━━━━━ Exercise input ━━━━━
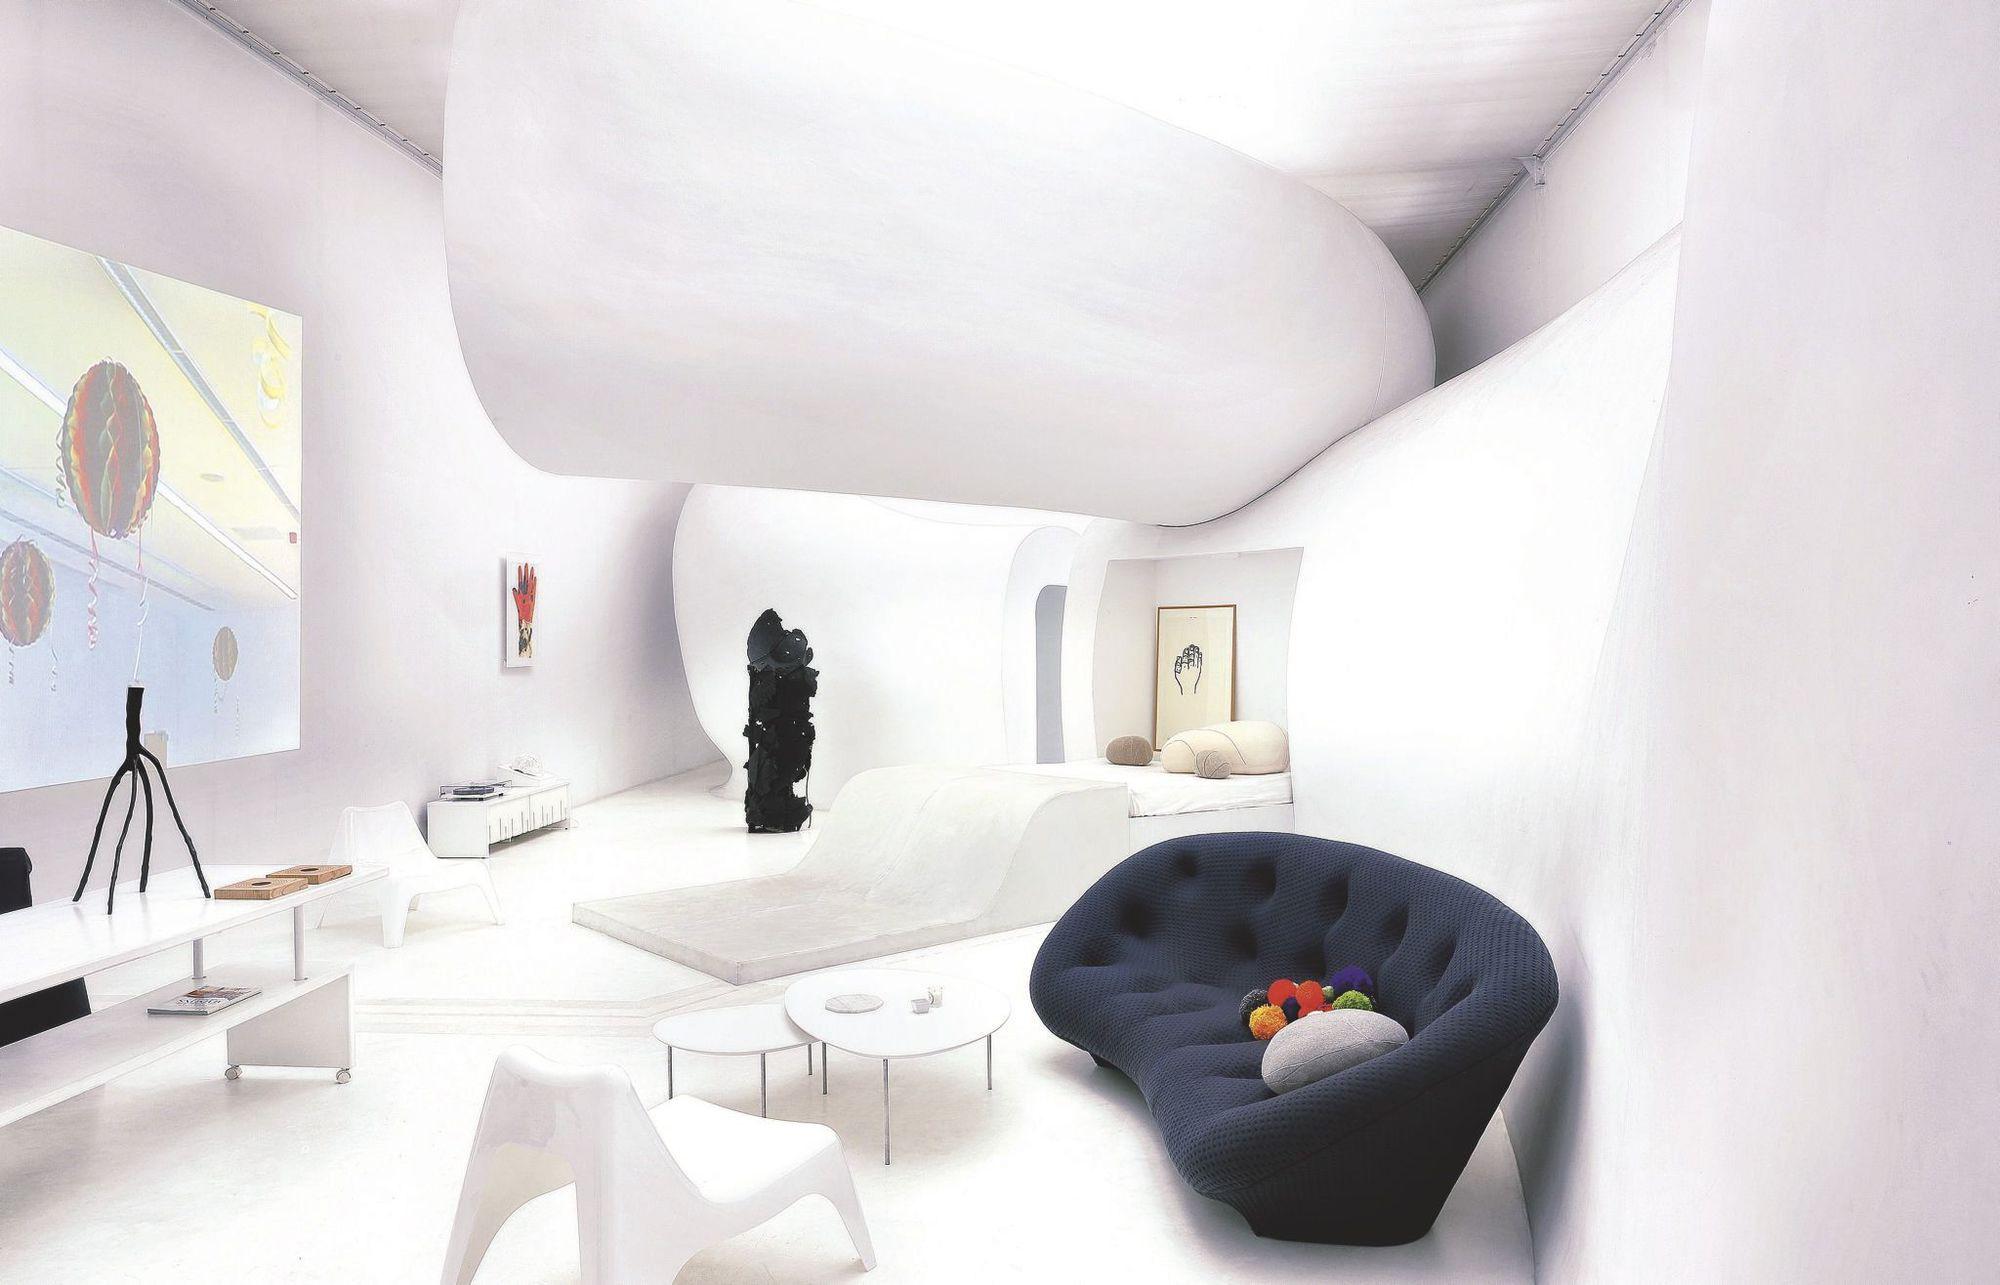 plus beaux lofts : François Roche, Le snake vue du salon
━━━━━
━━━━━ Exercise input ━━━━━
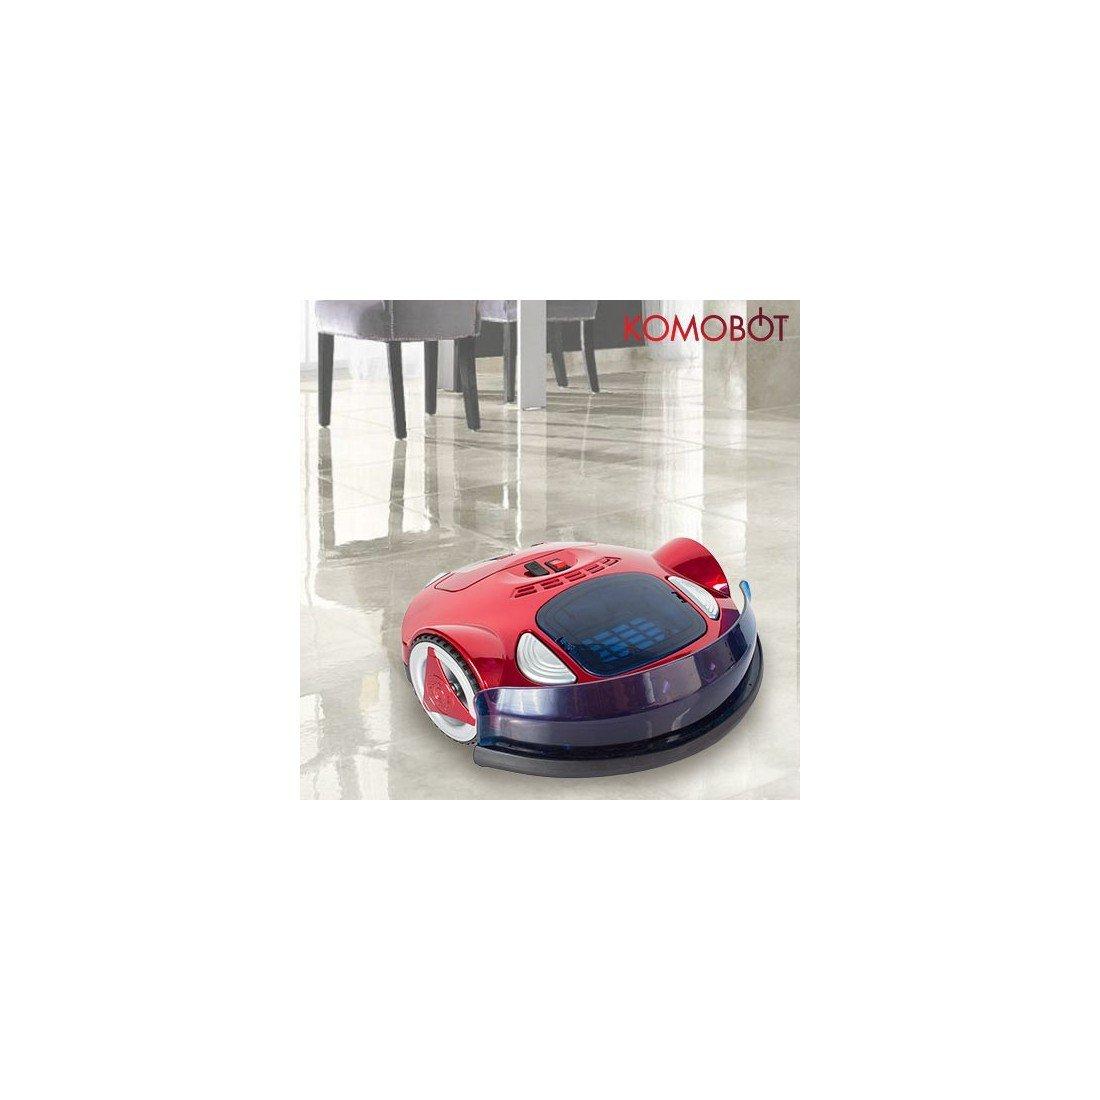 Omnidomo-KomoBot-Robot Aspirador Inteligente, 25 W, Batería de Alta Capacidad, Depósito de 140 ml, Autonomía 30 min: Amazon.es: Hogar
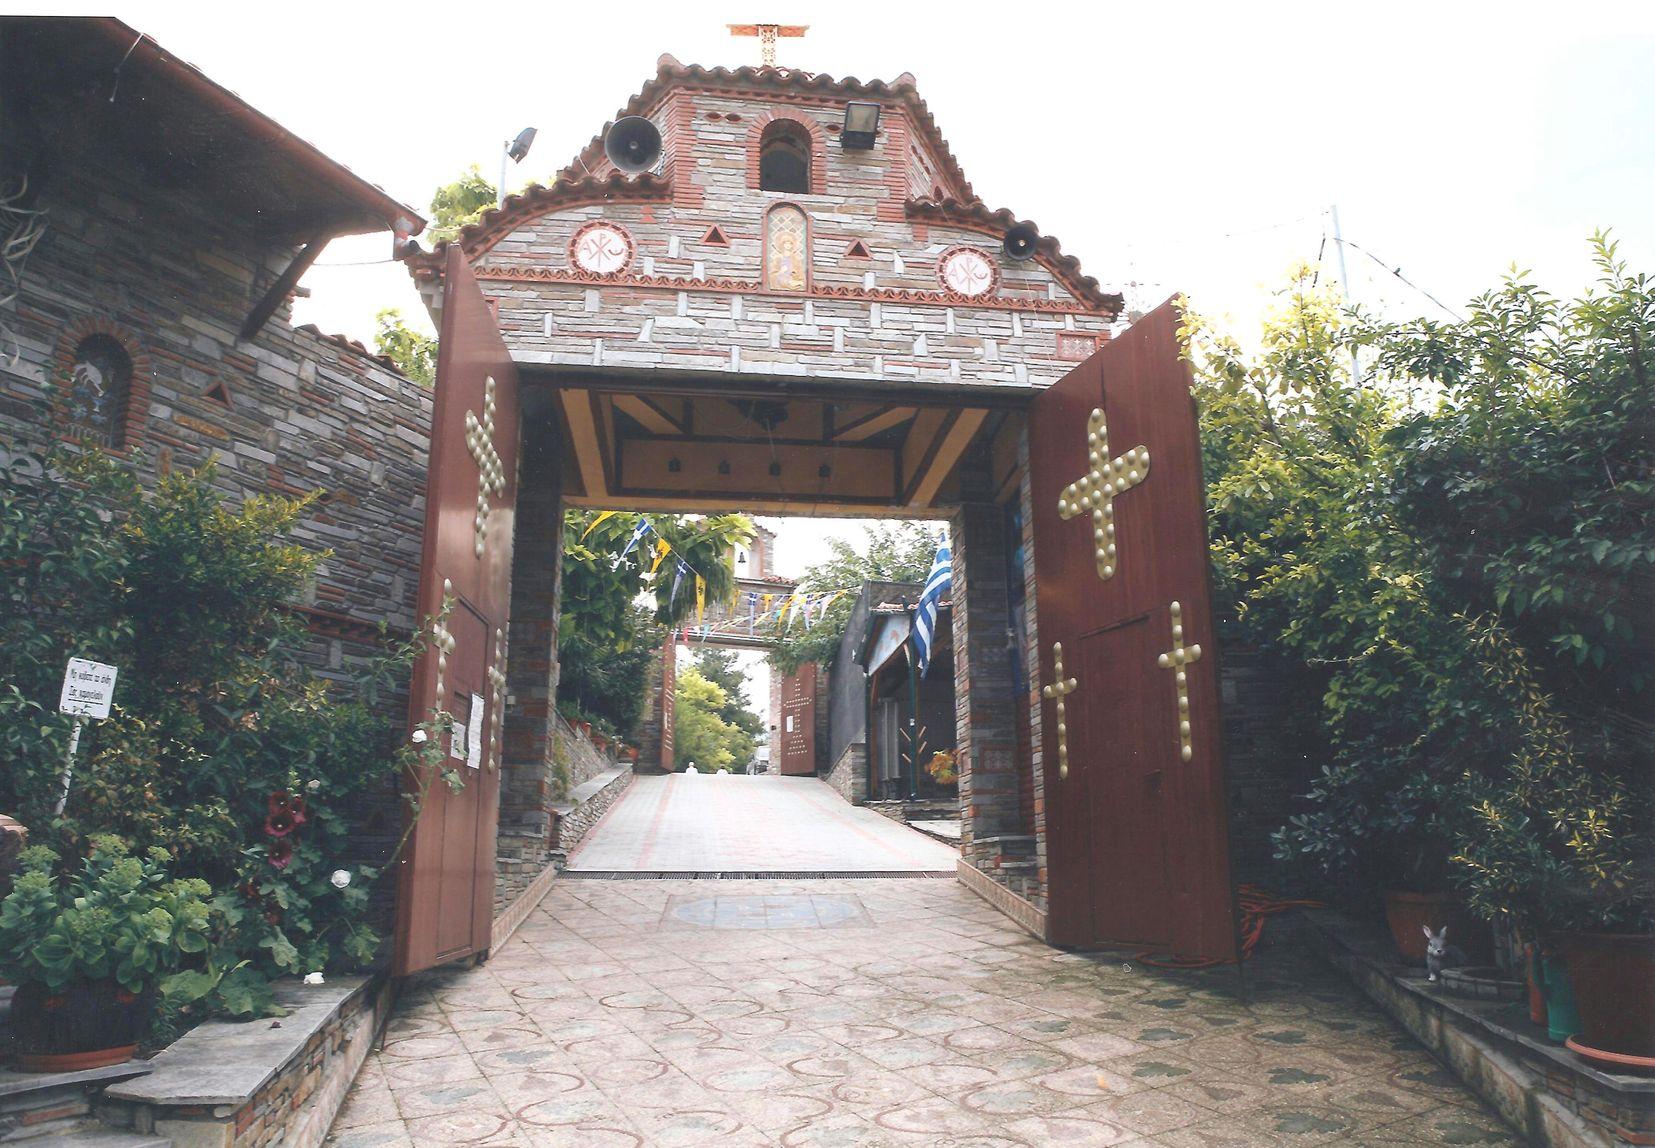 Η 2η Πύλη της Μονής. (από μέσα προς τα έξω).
━━━━━
* [Task description] Starting at the line above that contains "Omnidomo-KomoBot-Robot Aspirador Inteligente, 25", transcribe every line exactly through the line that contains "Η 2η Πύλη της Μονής. (από μέσα προς τα έξω).", including that last one, and skip the pictures.

* [Solved exercise]
 Omnidomo-KomoBot-Robot Aspirador Inteligente, 25 W, Batería de Alta Capacidad, Depósito de 140 ml, Autonomía 30 min: Amazon.es: Hogar
 Η 2η Πύλη της Μονής. (από μέσα προς τα έξω).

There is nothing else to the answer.